What the task requires: Give the entries below again exactly. Their pictures are not needed.

Data records:
•••

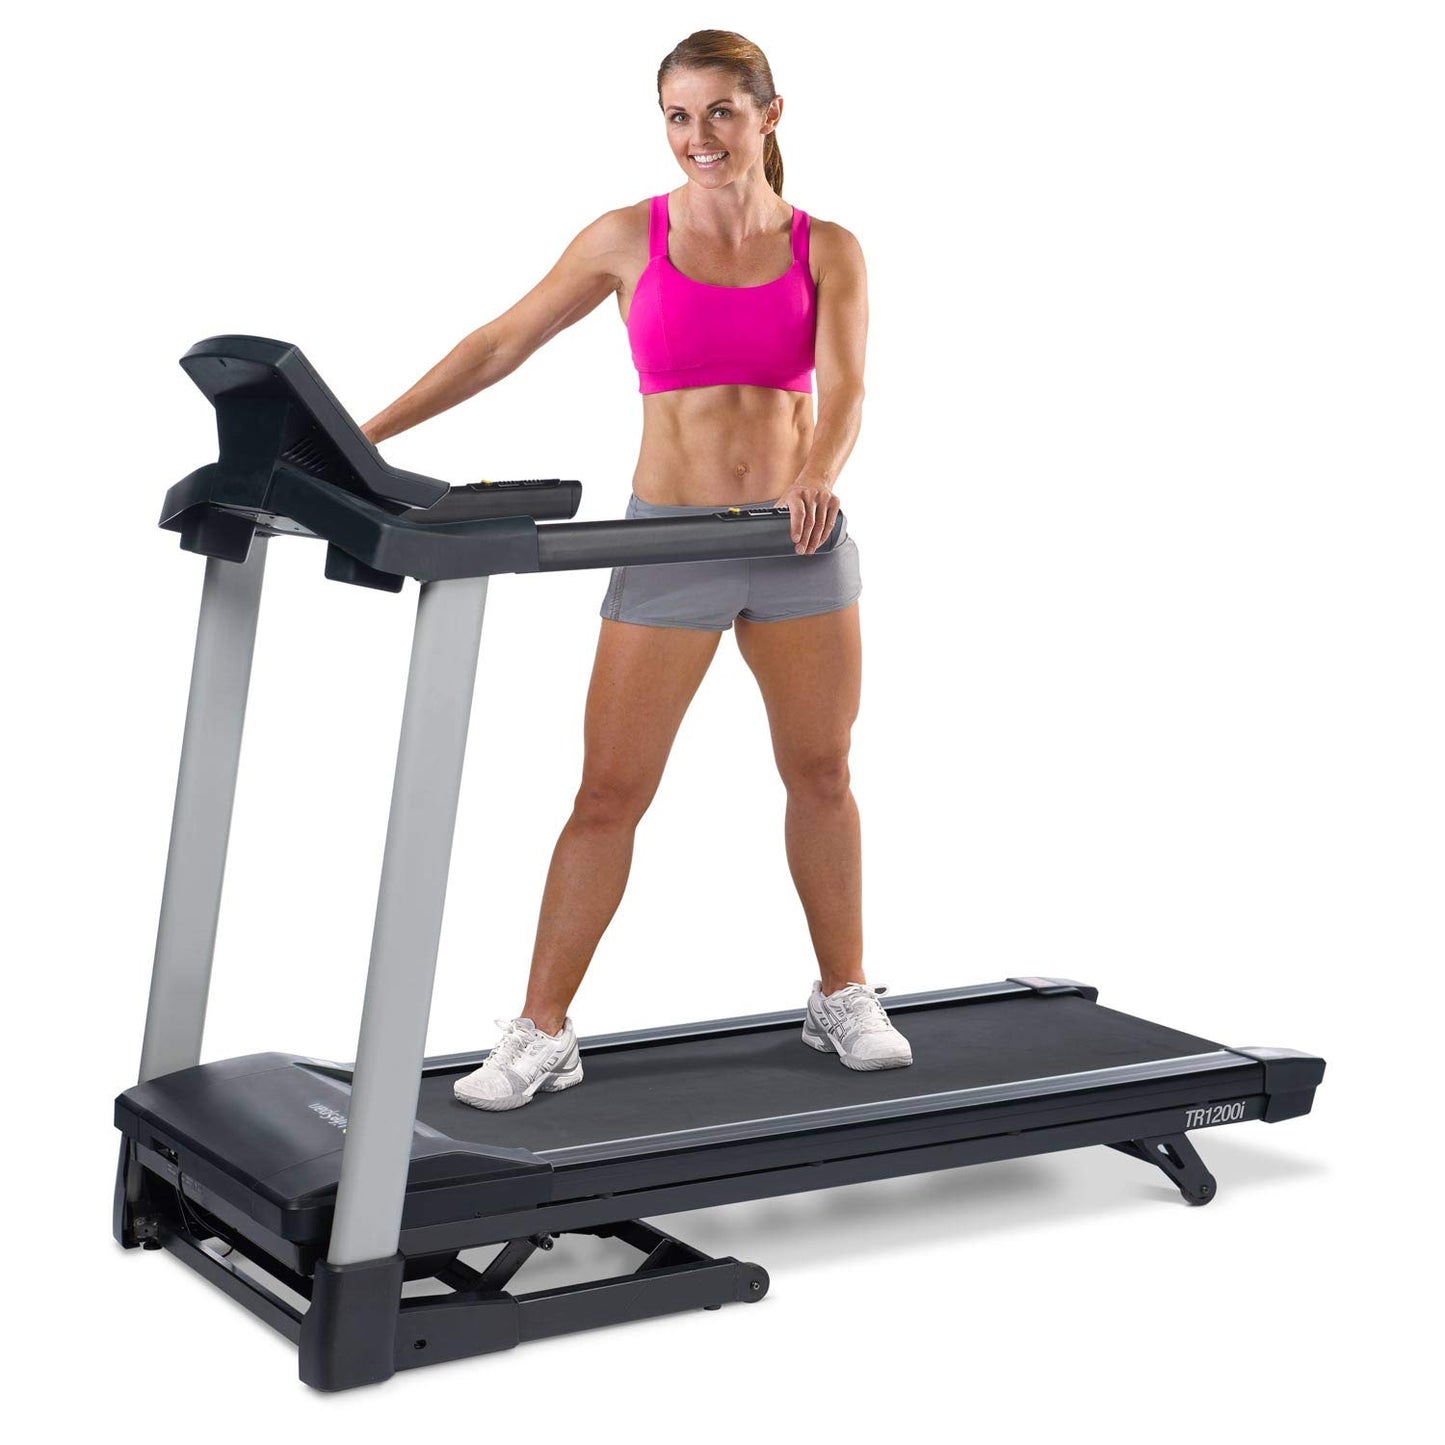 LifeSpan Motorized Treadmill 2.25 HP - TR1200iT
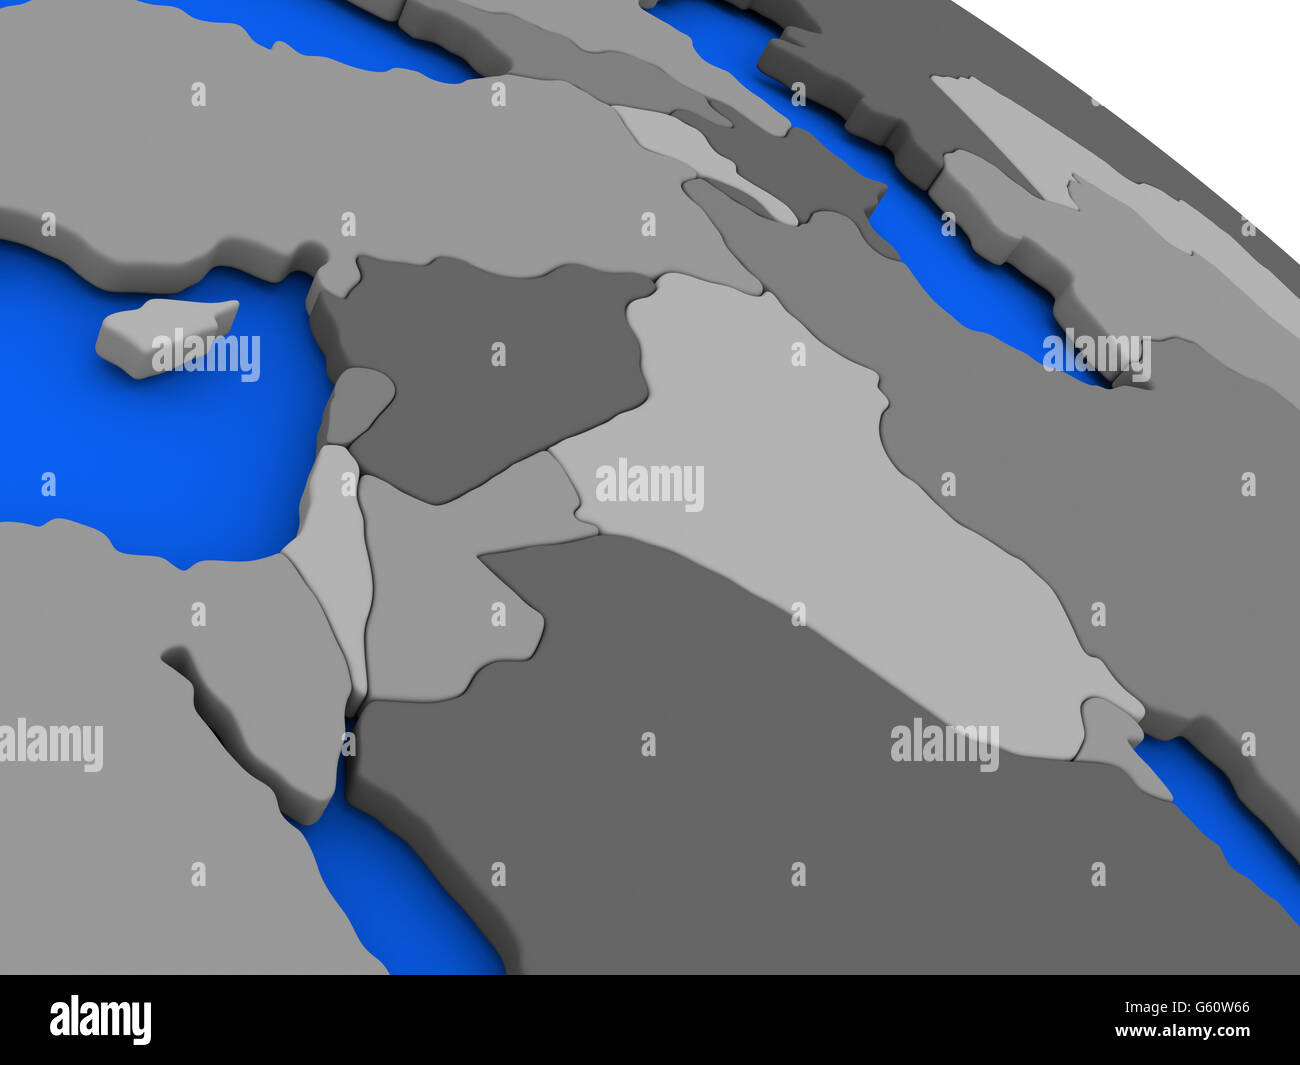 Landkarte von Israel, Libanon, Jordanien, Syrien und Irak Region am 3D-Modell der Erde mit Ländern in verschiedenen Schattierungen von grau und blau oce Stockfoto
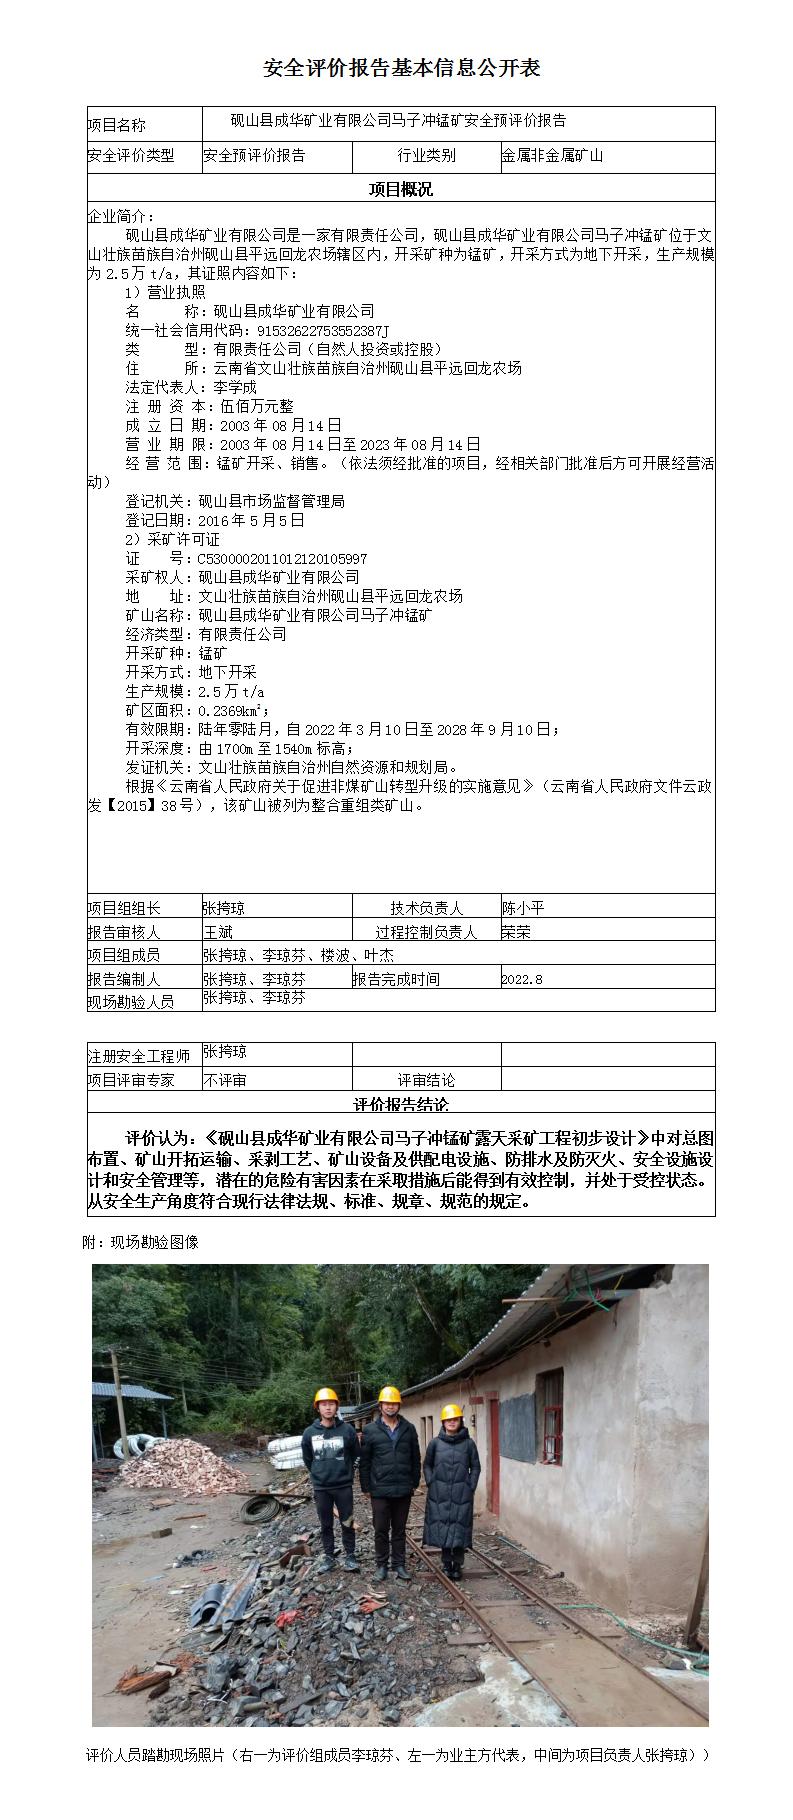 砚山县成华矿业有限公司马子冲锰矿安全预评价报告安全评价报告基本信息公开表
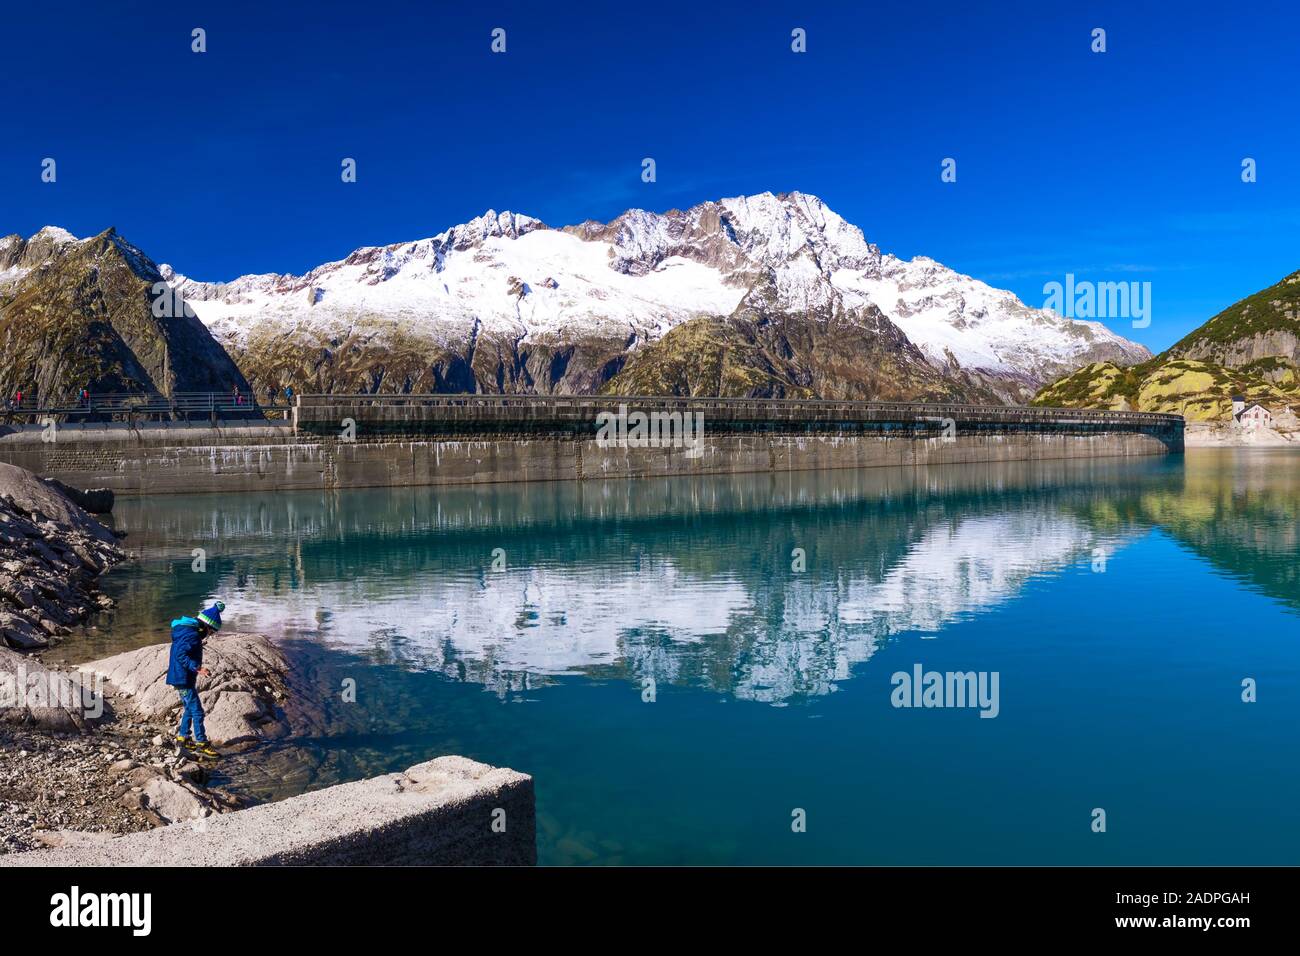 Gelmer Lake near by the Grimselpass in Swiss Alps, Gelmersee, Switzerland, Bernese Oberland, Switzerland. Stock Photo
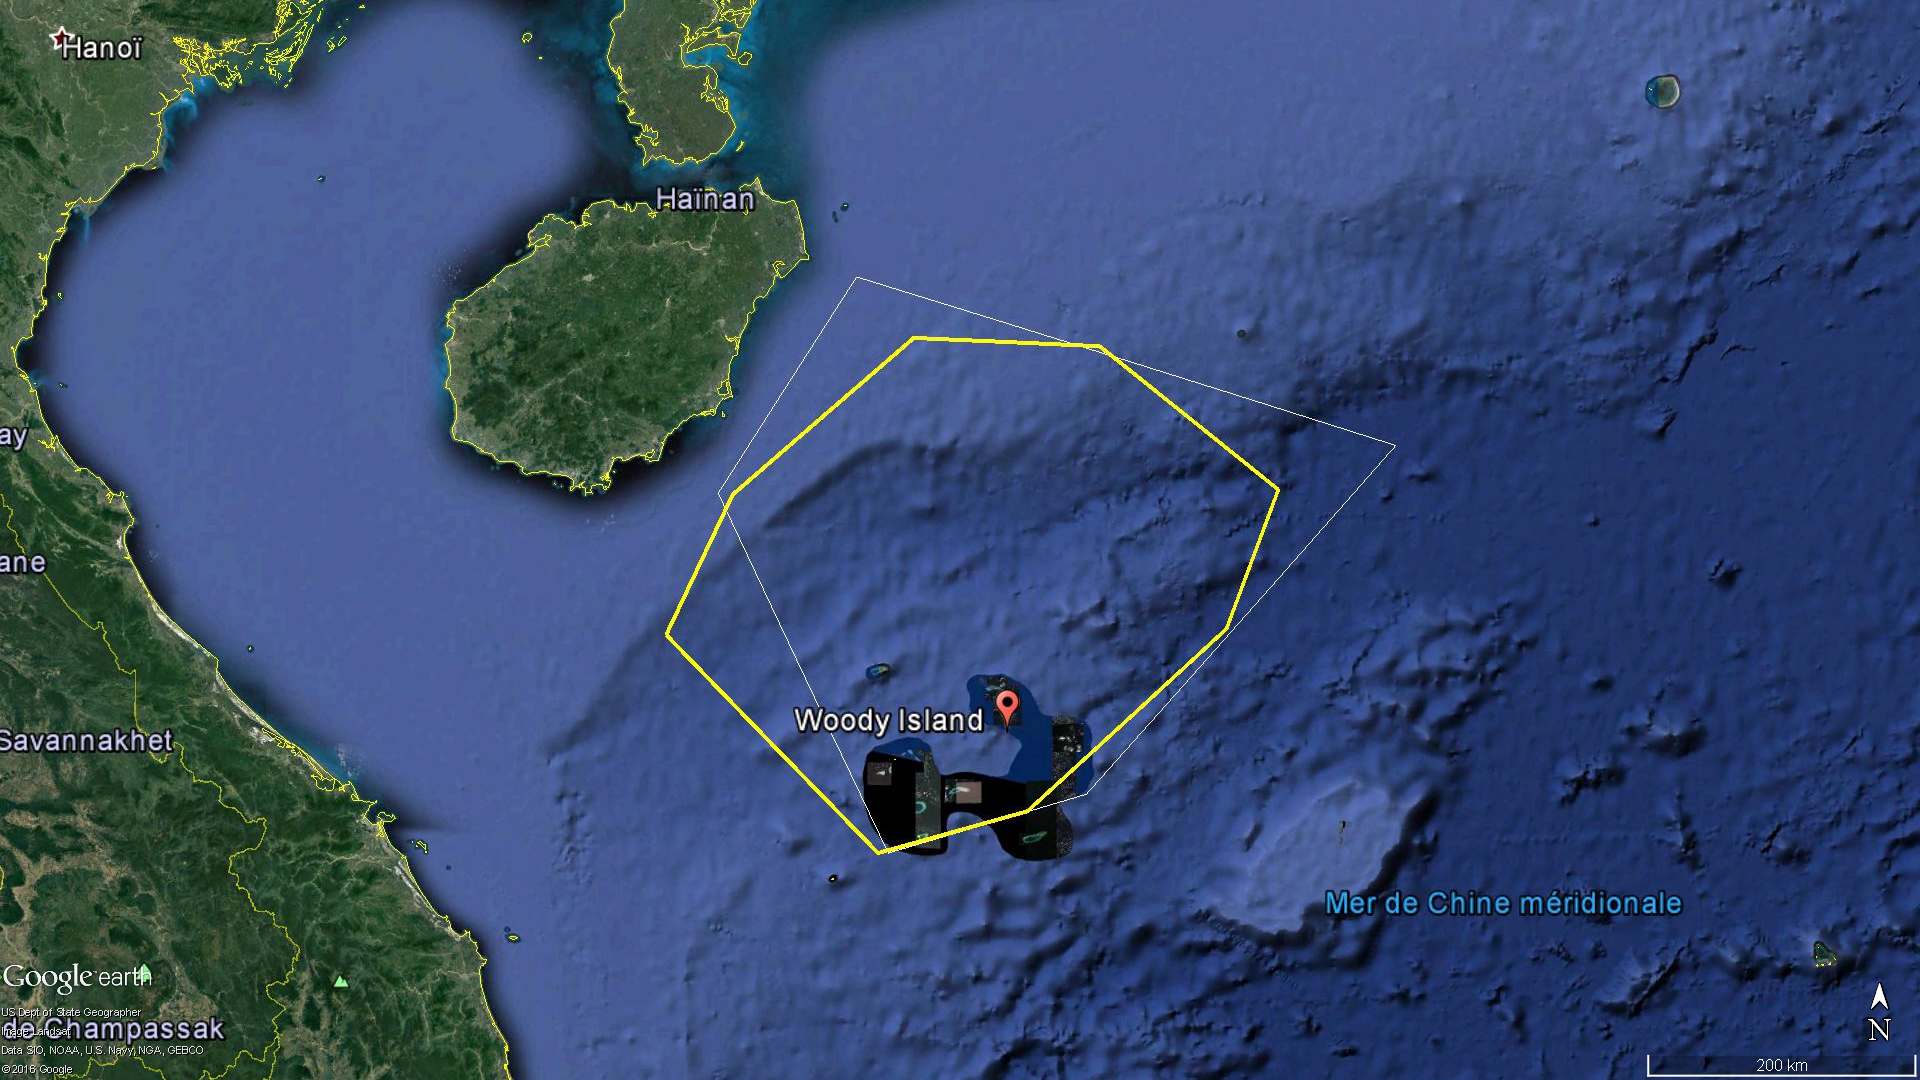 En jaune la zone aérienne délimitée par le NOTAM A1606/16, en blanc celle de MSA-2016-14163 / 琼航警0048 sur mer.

•••

Exercise result:
 LifeSpan Motorized Treadmill 2.25 HP - TR1200iT
 Landkarte von Israel, Libanon, Jordanien, Syrien und Irak Region am 3D-Modell der Erde mit Ländern in verschiedenen Schattierungen von grau und blau oce Stockfoto
 砚山县成华矿业有限公司马子冲锰矿安全预评价报告安全评价报告基本信息公开表
 Gelmer Lake near by the Grimselpass in Swiss Alps, Gelmersee, Switzerland, Bernese Oberland, Switzerland. Stock Photo
 En jaune la zone aérienne délimitée par le NOTAM A1606/16, en blanc celle de MSA-2016-14163 / 琼航警0048 sur mer.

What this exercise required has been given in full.